Jeffrey Coker, associate professor of biology and the director of the Core Curriculum since 2011, was honored Sept. 27 by the National Society of Experiential Education.
Jeffrey Coker, whose six-year tenure heading the Core Curriculum has helped make Elon a national leader in experiential education, has been honored for his work to better integrate practical experience into higher education.
Coker was presented the Outstanding Leader in Experiential Education Award by the National Society of Experiential Education on Sept. 27 during the society’s 45th annual conference in San Antonio, Texas. The award recognizes the work that Coker has done to help make experiential education a more integral part of the experience at Elon along with his scholarship and consulting work to encourage this critical component of higher education to be implemented more broadly in the field.
An associate professor of biology at Elon, Coker said his interest in experiential education began growing before he arrived at Elon in 2004. “I’ve been a practitioner and researcher of experiential learning for about 16 years,” Coker said. “Unlike most people getting a PhD, I was doing educational research while I was getting a PhD in plant biology. In graduate school, I was doing research on undergraduate research, among other things.”
During his undergraduate years at Davidson College, Coker studied classical civilizations abroad and spent a semester at the Duke University Marine Lab in Beaufort on the coast of North Carolina. “As I look back at college, the things that really had the biggest impact on my education were experiential in nature,” he said. When experiential learning and intellectual stimulation mix together, he said, “it’s really powerful.”
Starting his tenure as director of the Elon Core Curriculum six years ago, the university was exploring deepening its experiential learning requirement (ELR), which was well within Coker’s wheelhouse. The university wasn’t exactly sure what to do with its ELR, but everyone realized that the experience needed to be deepened, Coker said. “The trick is, and all the work centered on, figuring out how to do that in a constructive and progressive way, and how to do it so it works.”
At Elon, that ELR has since doubled, with the Class of 2017 to become the first to graduate under the new experiential learning requirement framework. The challenge was in defining what a “unit” of experiential learning was in a way that gives it meaning, and then maintaining quality standards across the university, Coker said. At Elon, those units of experiential learning can include study abroad or the Study USA program, undergraduate research, internships, service-learning opportunities, approved leadership experiences and other more customized experiences.
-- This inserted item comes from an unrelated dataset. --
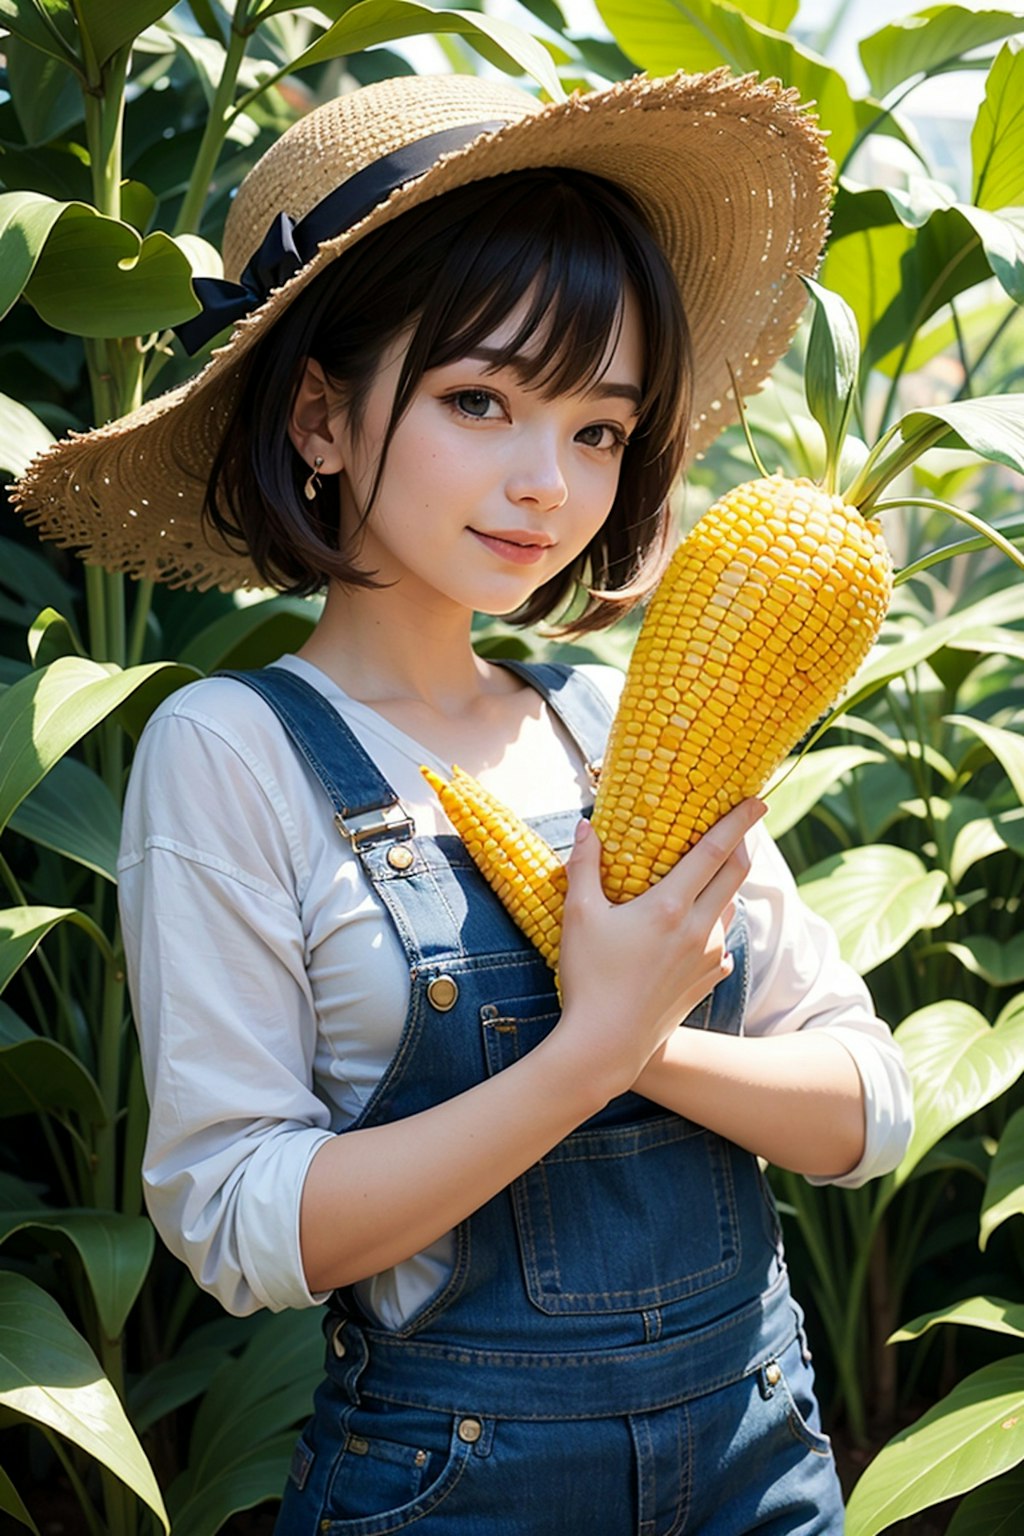 Is it corn?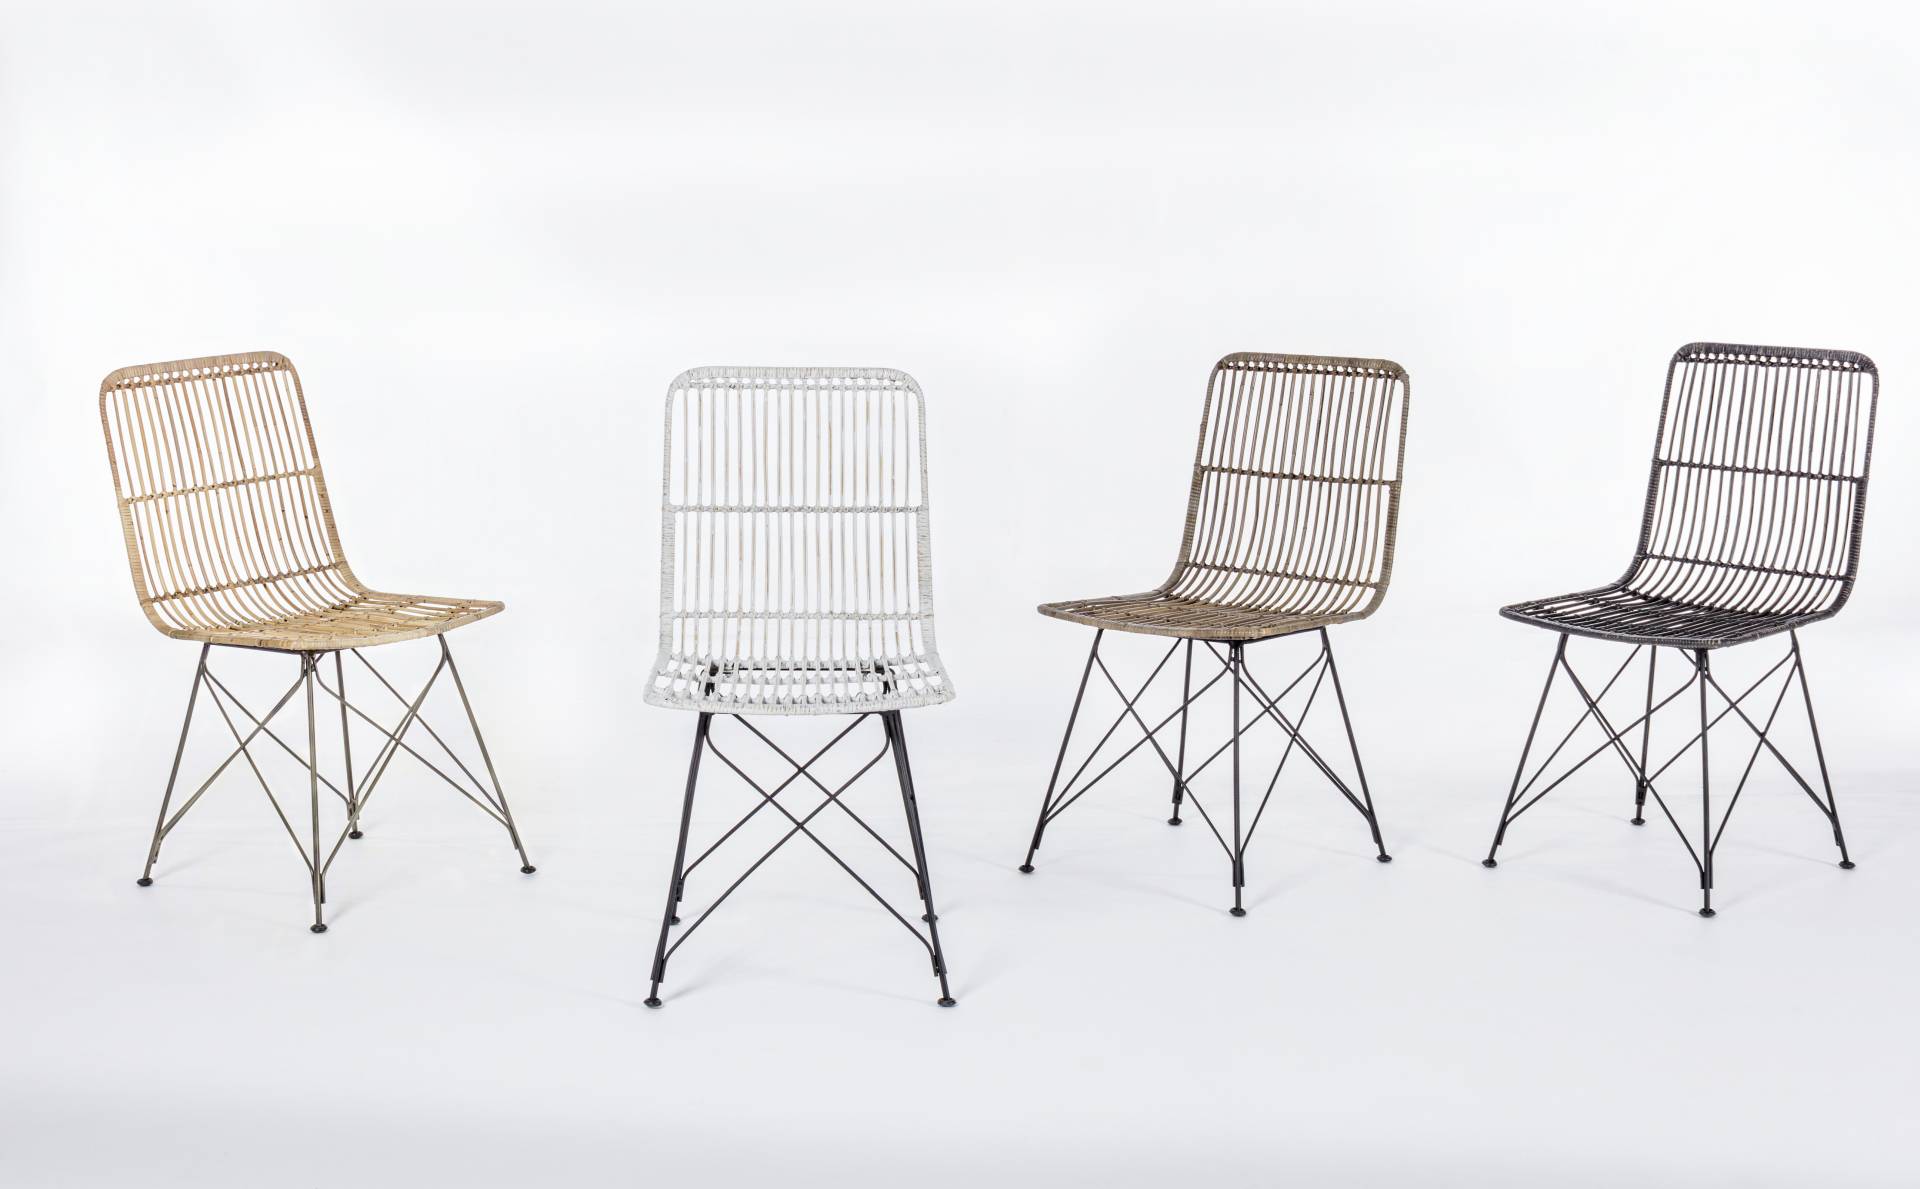 Der Stuhl Lucila Kabu überzeugt mit seinem modernem Design.Gefertigt wurde der Stuhl aus einem Kabugeflecht, welches einen natürlichen Farbton besitzt. Das Gestell ist aus Metall und hat eine Schwarze Farbe. Die Sitzhöhe beträgt 45 cm.

Other college and universities are increasingly incorporating experiential learning into their curricula, and turning to Elon’s model and to Coker for guidance. When Coker started immersing himself in experiential learning research, there were probably half a dozen colleges and universities with ELRs in place. Now there are probably two dozen, with as many as three dozen working to put that framework into place, Coker said.
“A lot of schools see what Elon is doing,” Coker said. “I get calls every few weeks from schools wanting information about how we do things.”
Looking forward, Coker said Elon needs to continue to focus on how to integrate experiential learning across the curriculum so that all students achieve both experiential breadth and depth. Both are important for students’ long-term success, according to Coker’s recent research.
“What we’re aspiring to is for this be central to every college student’s experience, and to me that’s revolutionary,” Coker said. “There are only a handful of schools in the history of American higher education who have really aspired to that. I think it’s a noble thing to be doing.”